10. NON-SOLICITATION & NON-COMPETITION. During the License Term, EST shall
not, except with the prior written approval of TTGL in each instance, directly
or indirectly, (i) hire, solicit, or encourage to leave the employ of TTGL or
any affiliate entity, any person employed by TTGL or any affiliated entity; (ii)
participate in the solicitation of any business of any type presently conducted
or which may from time to time be conducted by TTGL or any affiliated entity
from any person or entity which was, or which from time to time may be, a
customer of TTGL or any affiliated entity; (iii) be engaged or interested,
directly or indirectly, as an officer, director, stockholders (excepting less
than one (1%) percent interest in a publicly traded company), employee, partner,
individual proprietor, investor or consultant, or in any other manner or
capacity whatsoever, in any business that involves the production, distribution
or marketing of products or services competitive with any Application as defined
in the L & D Agreement, currently, or which from time to time may be, produced,
distributed or marketed by TTGL or any affiliated entity, in any place in which
TTGL or any affiliated entity conducts such a business. If any provision of
Section would be held to be unenforceable because of the scope, duration or area
of its applicability, the court making such determination shall have the power
to, and shall, modify such scope, duration or area, or all of them, to the
minimum extent necessary to make such modified form.

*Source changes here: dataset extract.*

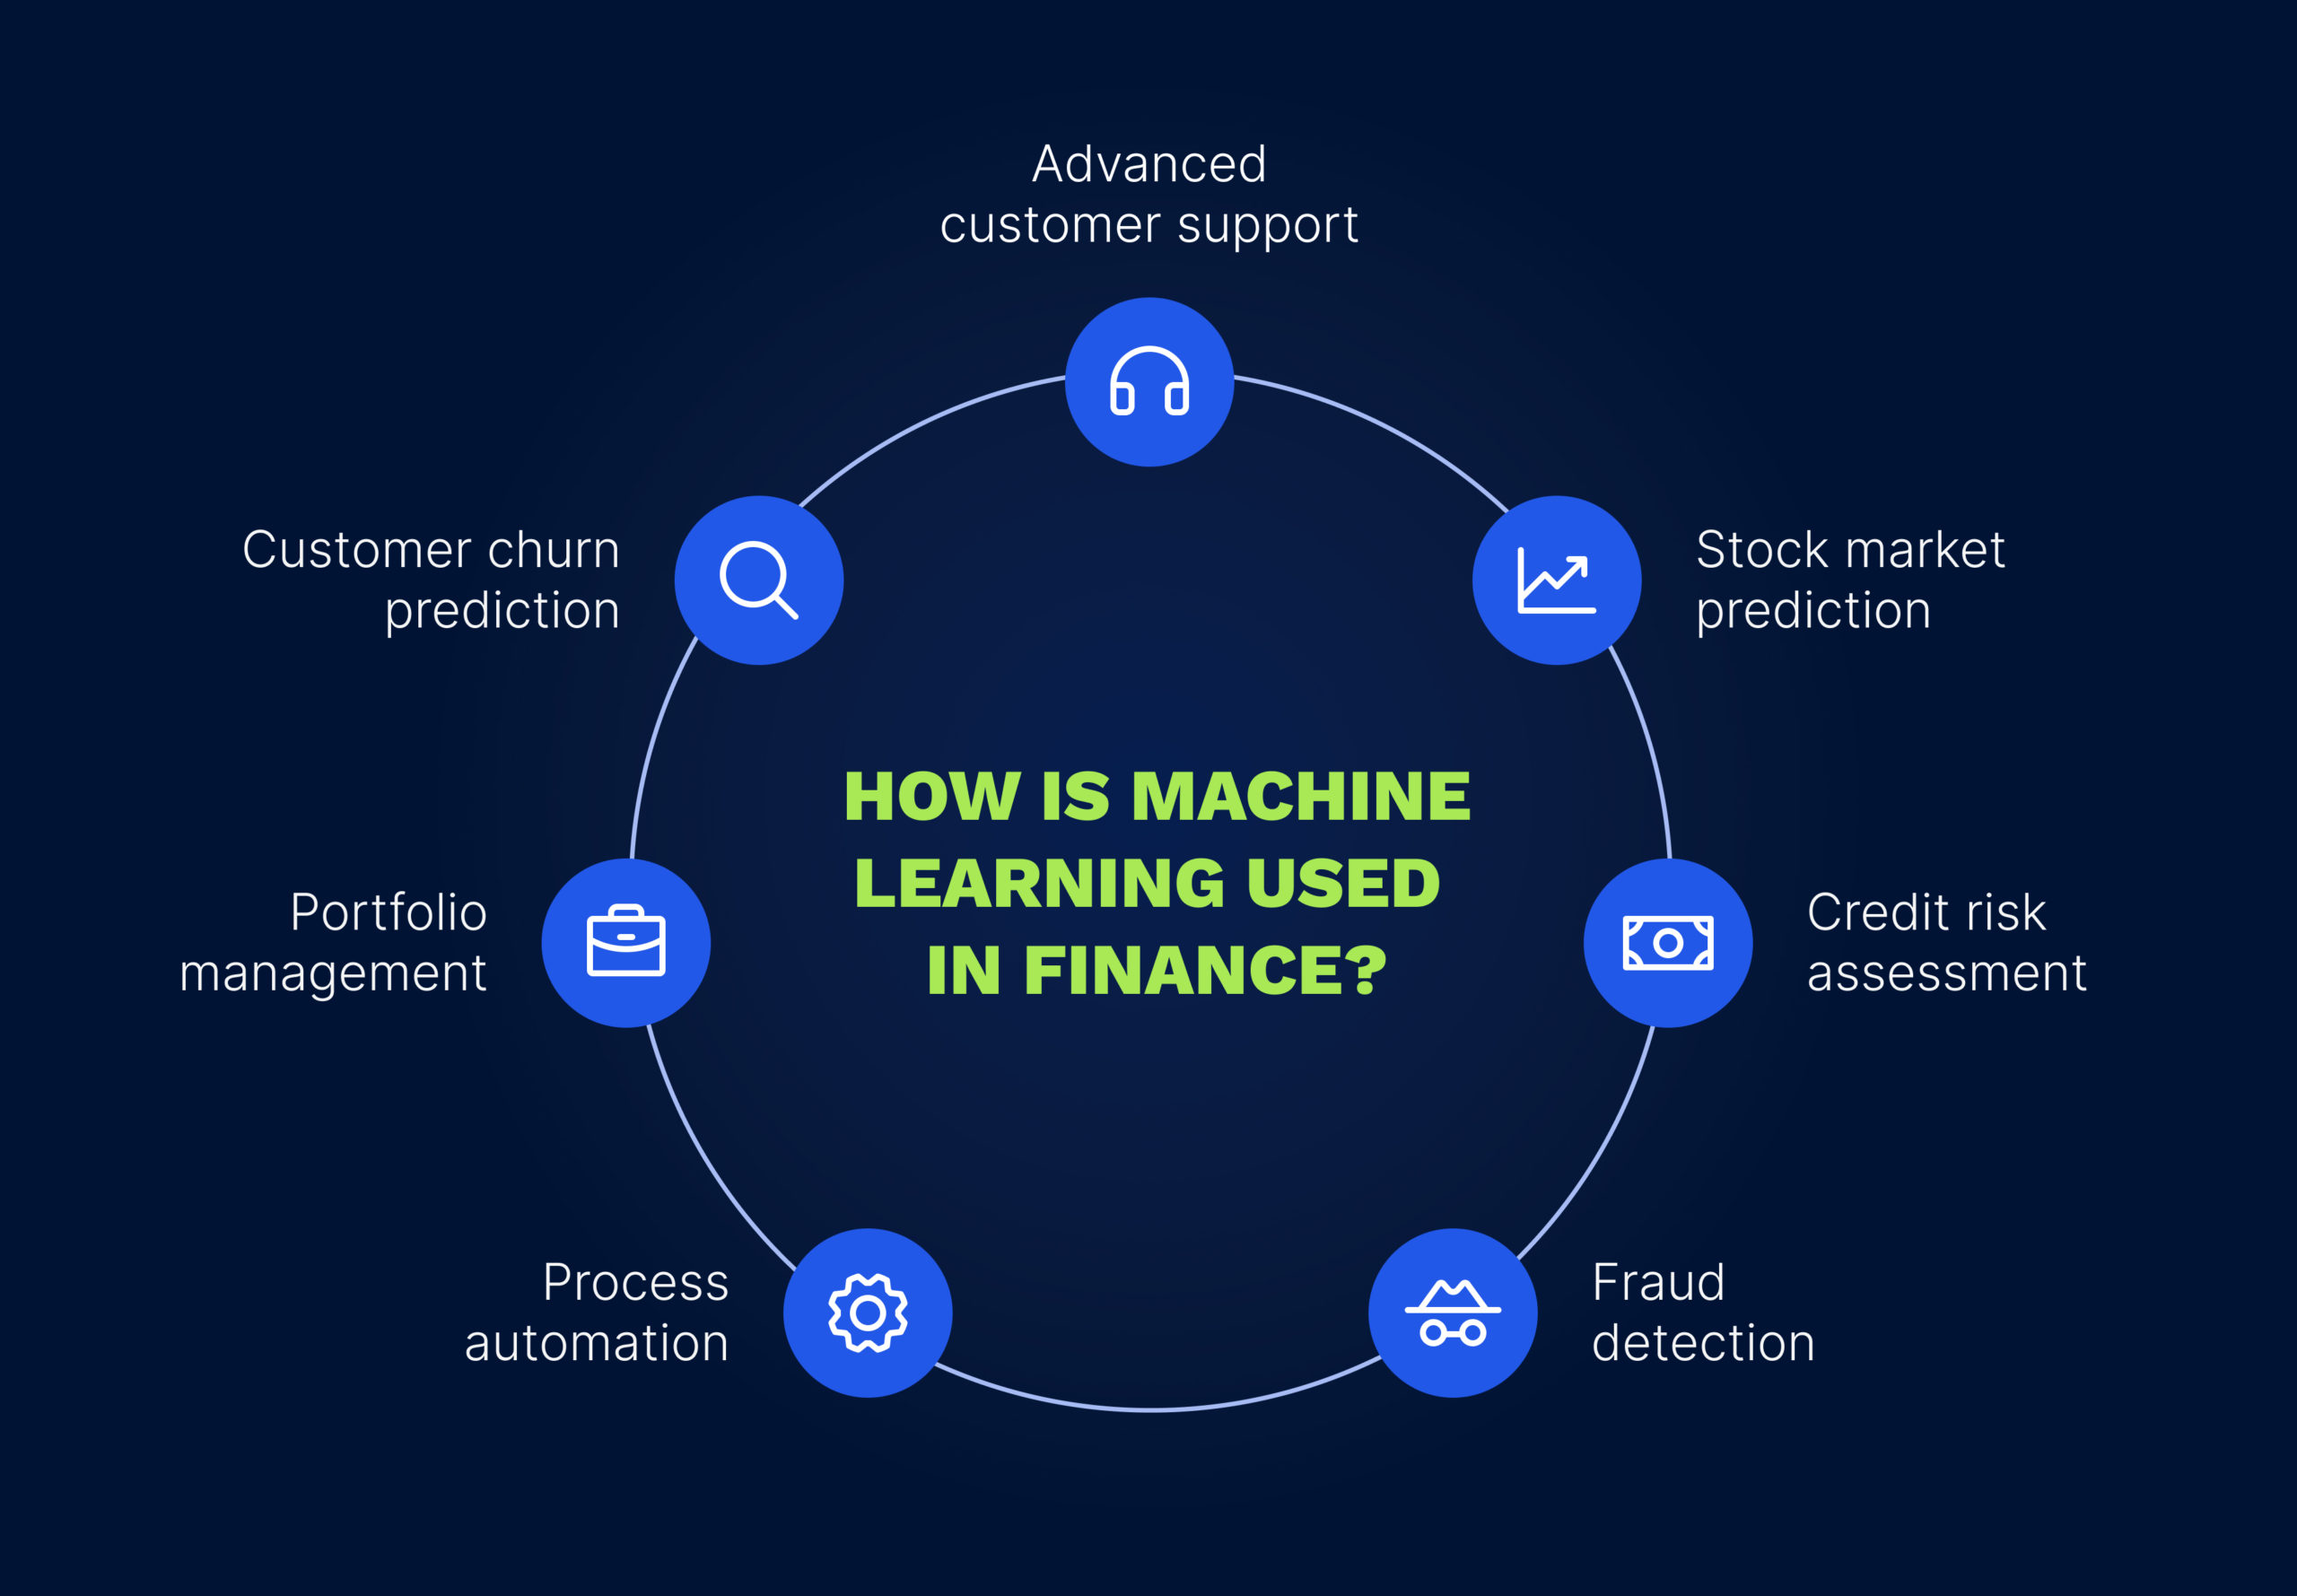 Top use cases of machine learning in financial services

11. ENFORCEMENT OF CONFIDENTIALITY, NON-SOLICITATION AND NON-COMPETITION
AGREEMENTS. EST hereby acknowledges that the TTGL will not have an adequate
remedy at law in the event of any breach by her of any provision of Section 9 or
10 of this Agreement and that TTGL will suffer irreparable damage and injury as
a result of any such breach. Accordingly, in the event of EST's breach or
threatened breach of any provision of Section 9 or 10 of this Agreement, EST
hereby consents to the granting of a temporary restraining order, preliminary
injunction and/or permanent injunction against it or any court of competent
jurisdiction prohibiting EST from committing or continuing any such breach or
threatened breach.
12. MISCELLANEOUS.
12.1 NOTICES. All notices which are required or may be given pursuant to
the terms of this Agreement shall be in writing and shall be deemed duly given
when delivered to the respective offices of TTGL and EST at the addresses
specified in this Agreement, unless notified otherwise of an address change in
writing at least thirty (30) days in advance.
12.2 HEADINGS. Headings of this Agreement are for convenience only and
shall not affect the interpretation of the terms of this Agreement.
12.3 WAIVER. If either party should waive any breach of any provision of
this Agreement, it shall not thereby be deemed to have waived any preceding or
succeeding breach of the same or any other provision hereof.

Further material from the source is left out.